Justine.Watson said:


> I was looking at Wainwright's rabbit and veg: http://www.allaboutdogfood.co.uk/dog-food-reviews/0877/wainwrights-trays-adult-grain-free but it has a high fat content - my dog tends to gulp and smack his lips a lot so may have reflux... I could try plain rabbit but we travel a lot so I'm looking for a food that would be easy to transport.
> 
> I'm looking at raw food as well but same problem - travelling. Have anyone tried any raw food? I've heard dogs are doing great on raw but because my dog has very sensitive stomach I'm afraid he won't be able to deal with all bacteria that can be found in raw meat.
> 
> And Billy and Margot anyone? This one looks really good but I really can't find any reviews... https://www.monsterpetsupplies.co.u...gle-shopping&gclid=COzZvYuZjsoCFZadGwod4yILfw


Some other options

Lukullus (does have some rice in it)
http://www.allaboutdogfood.co.uk/dog-food-reviews/0624/lukullus-tins

Lily's kitchen- venison and rabbit terrine
http://www.waitrose.com/shop/DisplayProductFlyout?productId=361671

Or if you do want to stick with duck:
http://www.harringtonspetfood.com/products/UK/adult-dog-food-wet-duck

It does still have a small amount of peas in it. That said, Smokeybear offers sound advice re allergy testing and its accuracy.

Is he ok with Salmon?


----------



## 0310star (Jul 7, 2015)

After the issues I stated above, My 2 have been on Arden Grange sensitive dry for about 2 months now and I have to say I have not had 1 runny tummy, no itching etc from either of them. Both really shiny too that people keep commenting.

I know they do that in a wet and dry version so could be worth keeping in mind?


----------



## Justine.Watson (Jun 8, 2015)

lemmsy said:


> How was his IBD diagnosed?


 - we've done almost all tests possible (pancreatitis, liver, stool etc etc) and all of them came back fine. He had ultrasound which showed thickening of bowel walls characteristic for IBD. He didn't have biopsy - we're a bit afraid to do it, he reacts really unwell to every medicine we give him, really everything even probiotics. I know we need to do it to confirm but we would rather avoid it if we could. We're thinking about doing endoscopy instead.
He was actually really unwell last night, he was vomiting bile (even though I'm feeding small and frequent meals), had flatulence and today he has diarrhea again.
My vet wants to give him steroid injection (he was on prednisone tablets before and had horrible diarrhea and lethargy). He also wants to change his food to RC Anallergenic. I have an appointment with vet today and I really don't know what to do. If he has ulcers, reflux or SIBO he may get worse after steroids and this is the last thing we want.
I'm actually thinking if I should ask for antibiotics instead (they used to help, for short term but maybe that's better than steroids?) and try that anallergenic food (it's really awful!). Then if it helps I could start reintroducing food, maybe start home cooked diet with venison and sweet potato.

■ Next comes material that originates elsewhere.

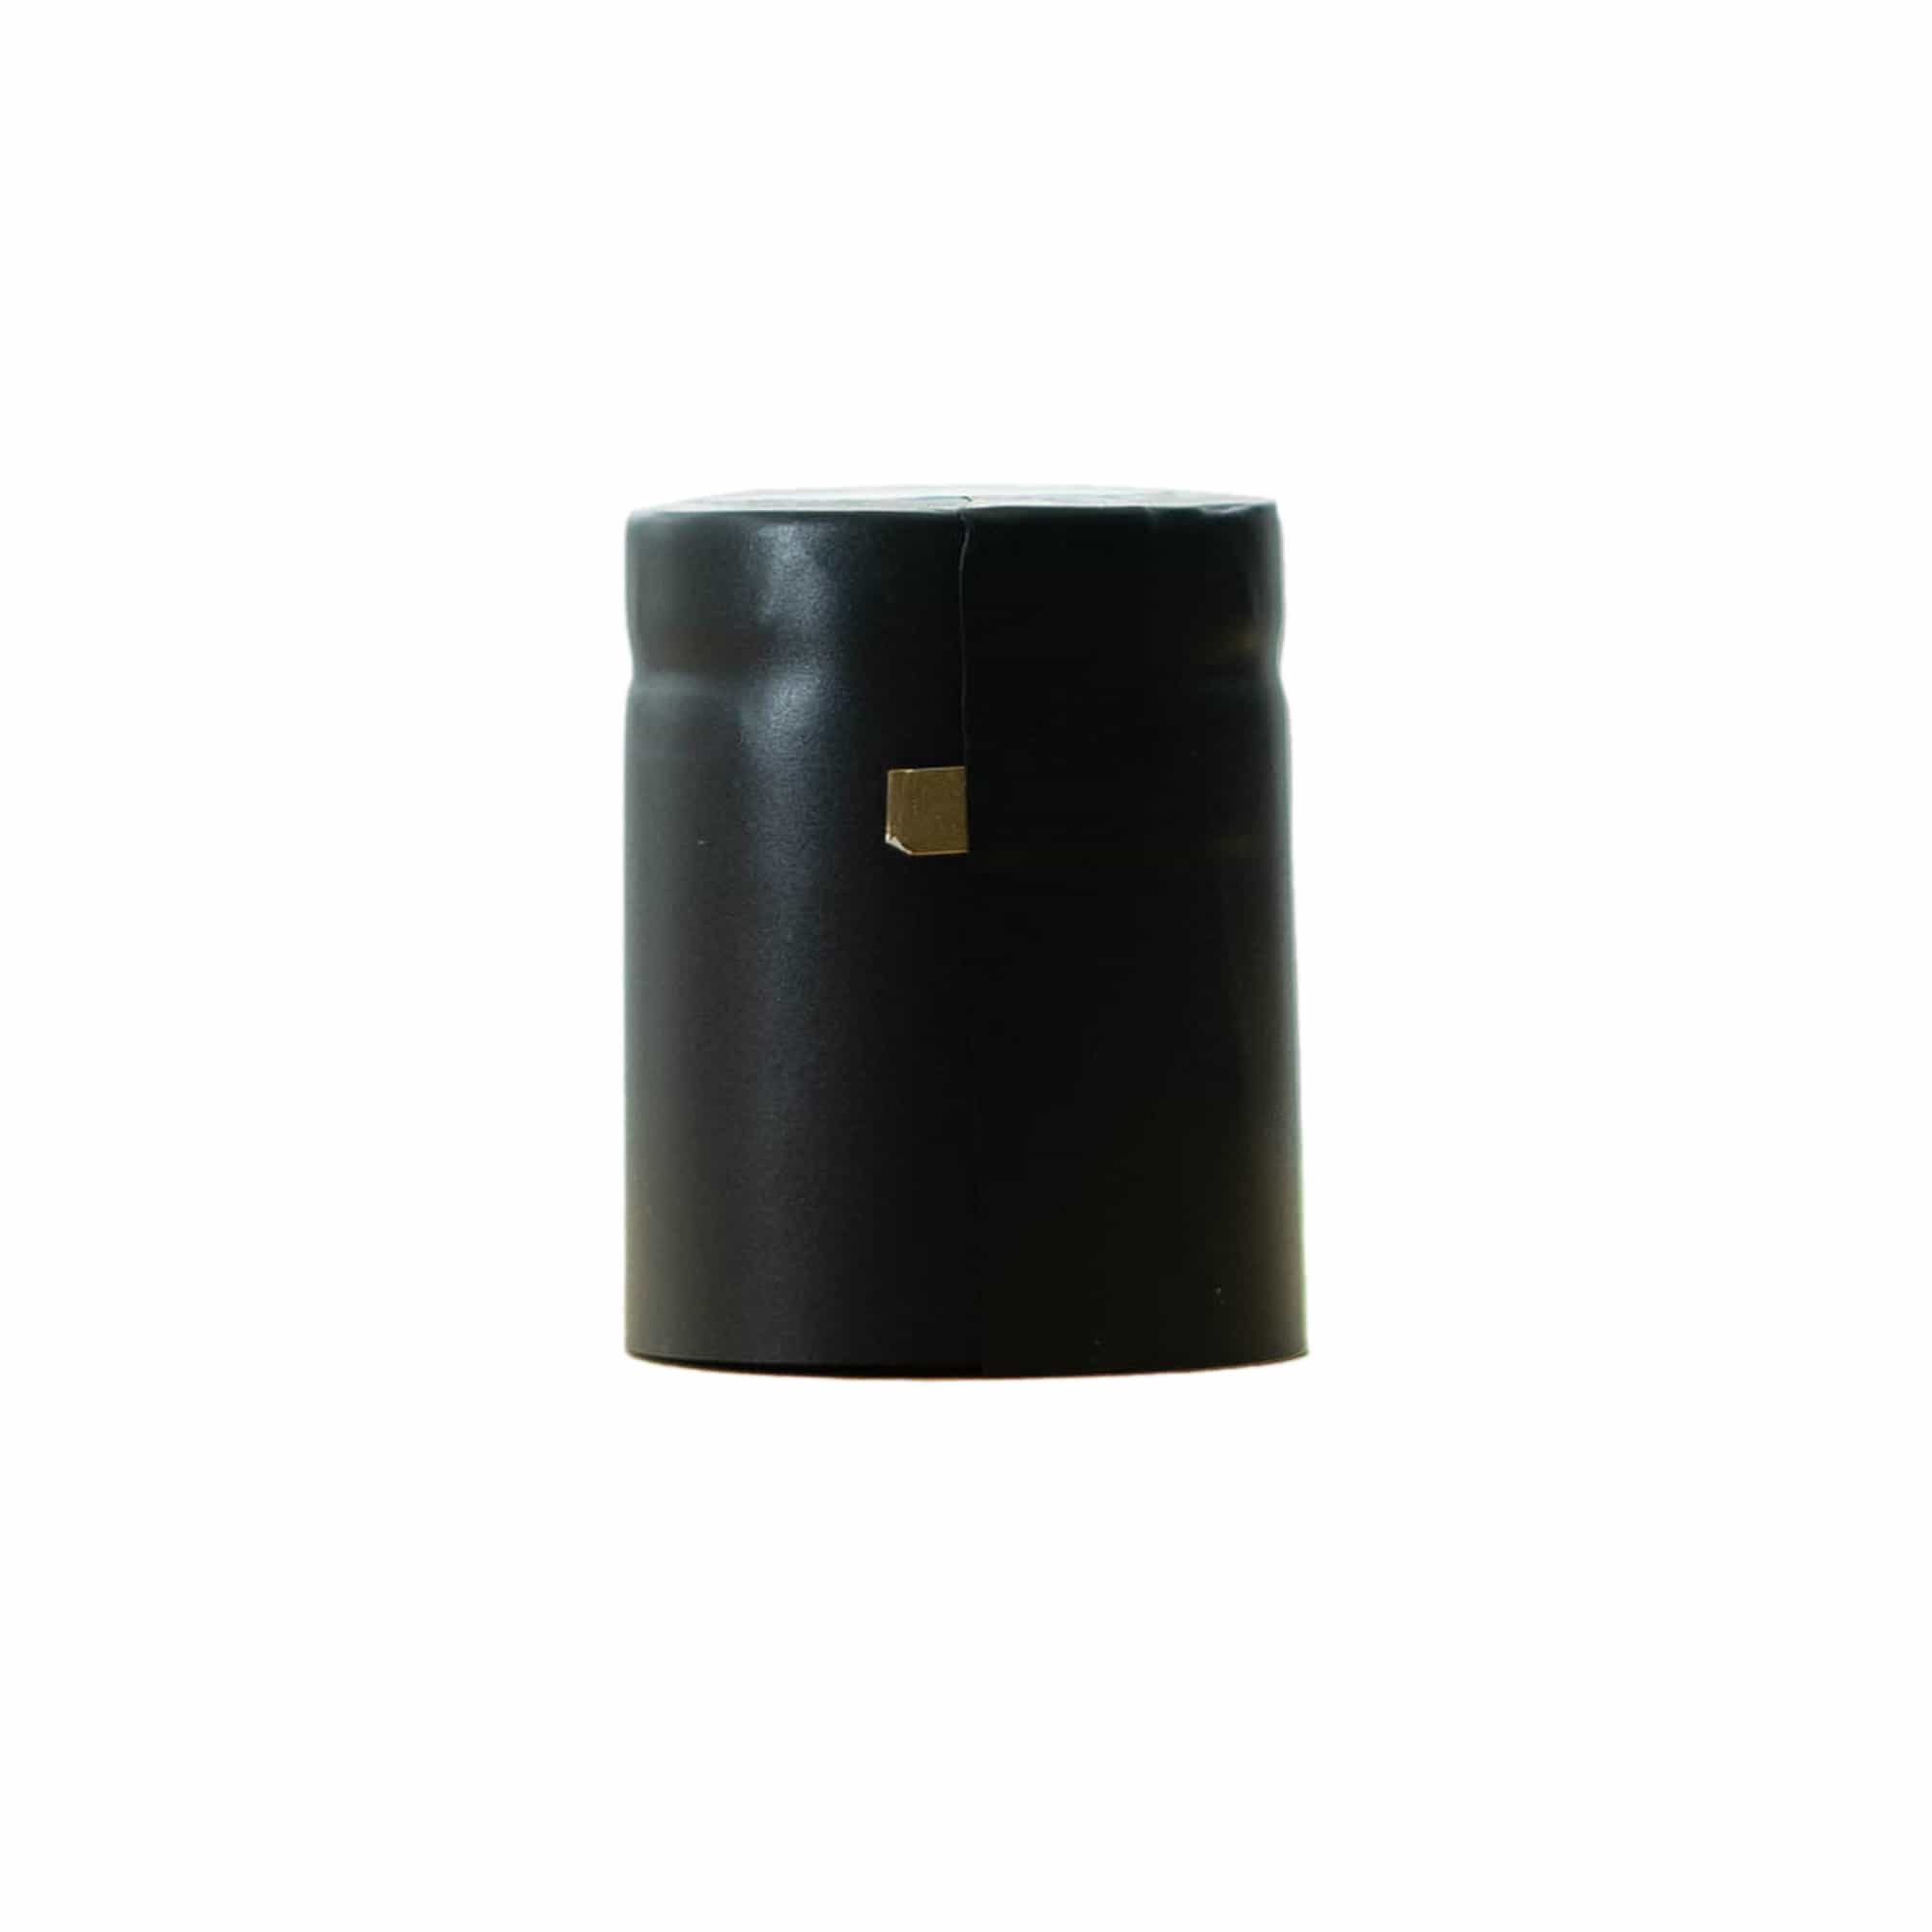 Krimpcapsule 32x41, pvc-kunststof, zwart

Also everything got worse after that visit in a grooming salon two weeks ago! Maybe he's got an infection...


----------



## Westie Mum (Feb 5, 2015)

Justine.Watson said:


> I And Billy and Margot anyone? This one looks really good but I really can't find any reviews... https://www.monsterpetsupplies.co.u...gle-shopping&gclid=COzZvYuZjsoCFZadGwod4yILfw


We are currently doing an elimination diet with our boy Westie and he is doing really well on the Wolf of Wilderness from Zooplus, Arctic Spirit which is Reindeer as it has very limited ingredients but is still a complete food. http://www.zooplus.co.uk/shop/dogs/wet_dog_food/wolf_of_wilderness/wet/480836

He also has the Billy & Margot Venison which he loves!! A few more ingredients in there and is twice the price of the Zooplus one. I've just ordered him another 12 cans of this actually.


----------



## Justine.Watson (Jun 8, 2015)

0310star said:


> After the issues I stated above, My 2 have been on Arden Grange sensitive dry for about 2 months now and I have to say I have not had 1 runny tummy, no itching etc from either of them. Both really shiny too that people keep commenting.
> 
> I know they do that in a wet and dry version so could be worth keeping in mind?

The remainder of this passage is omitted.